There are only about three long-haul international flights per day – a fraction of the number of such flights from non-European Union flights to Frankfurt and Munich. Part of that is due to a steep drop in air travel due to the coronavirus crisis but even before that there were only about 10 to 12 international flights per day.
“We’re hopeful that alongside the direct flights to Beijing that we’ll also have flights to Shanghai,” said Luetke Daldrup, adding that would be one of the airport’s main targets in the years ahead. “Hong Kong is also an important market we’re hoping for too. We’d urge both the German and Chinese governments to grant more rights in the course of their landing rights negotiations. We need to see an expansion of the rights even if it means the airlines flying those routes now might face a bit more competition.”
Berlin officials have long lamented the fact that even though more than 35 per cent of international travellers to Germany were headed to Berlin, only about 2 per cent of the long-haul flights from overseas were flying directly to the German capital – with most arriving passengers annoyingly forced to transfer through hubs in Frankfurt, Munich, Zurich, Vienna or Amsterdam.
“I’d consider it inconceivable for the major cities of the biggest economies of Europe and Asia to continue to have so little air traffic between them in the future,” Luetke Daldrup said. “The important cities in China need to be connected to Berlin.”
That the airport itself – which will replace three smaller Cold War-era airports in what was then West and East Berlin – is now about to be connected to the global aviation network is for many Germans a minor miracle in itself.
Even though the planning for a major central Berlin airport began in the heady early days of German unification not long after the Berlin Wall fell in 1989, it ran into wearying waves of problems that were only exacerbated by its own opening being delayed no less than six times from 2007 to 2011, then 2012, to 2013, 2014 and 2017 – the year Luetke Daldrup arrived with yet another unfathomable delay: 2020.
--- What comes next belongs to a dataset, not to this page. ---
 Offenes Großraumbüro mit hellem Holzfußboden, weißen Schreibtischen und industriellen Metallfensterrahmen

Many Germans, including Lufthansa executives, thought the airport that was initially plagued by an inadequate smoke ventilation system, would never pass the safety inspections required to allow it to open. Other problems quickly emerged such as improperly installed cables, 4,000 doors incorrectly numbered, some escalators that were not long enough, and computer malfunctions that made it impossible to switch off the lights overnight for months on end.
“The construction rules in Germany and Europe are very complicated because security has such a high priority,” said Luetke Daldrup.
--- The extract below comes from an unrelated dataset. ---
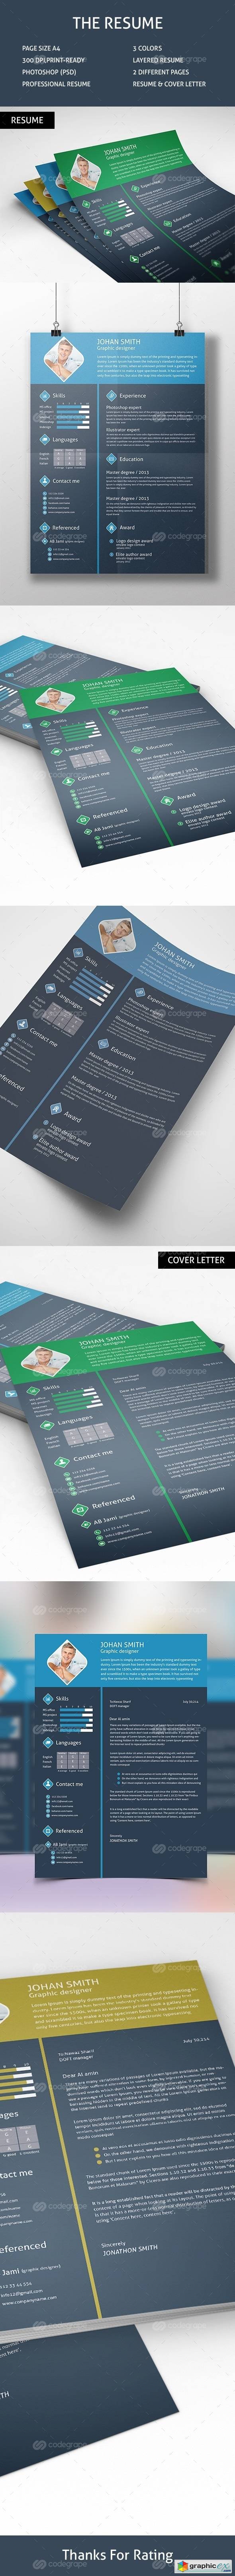 Designer Resume Cover Letter

He said the floor space had been expanded from 220,000 to 380,000 square metres (4.1 million sq ft) over the last three decades because of the growing popularity of Berlin as a destination. Futhermore, a Terminal 2 was expected to open in 2021.
“The airport is 70 per cent larger than the airport that was planned at the start. These changes weren’t managed professionally enough,” he said.
Some had urged the airport’s executives to simply tear it all down and start from scratch because they didn’t think it could be repaired. The added debt, along with the ravages of the Covid-19 pandemic, will weigh on the airport’s results for many years to come.
“It’s extremely important that we get more landing rights from overseas,” said Patrick Muller, the airport’s chief operating officer. “About 90 per cent of the passengers from abroad who come to Germany ultimately want to come to Berlin. But they can’t get here right now on direct flights because of the landing rights situation.”
Muller said it was not only business leaders from China and Germany who were eager to fly between those two countries but also artists, start-up companies, real estate investors and people from the gaming community were coming to Berlin in large numbers for more than the last decade.
“There is plenty of demand from China and Southeast Asia but the landing rights aren’t there yet,” he added. “Southeast Asia has huge potential for us and we know the demand is there. It’s only a rights’ issue now.”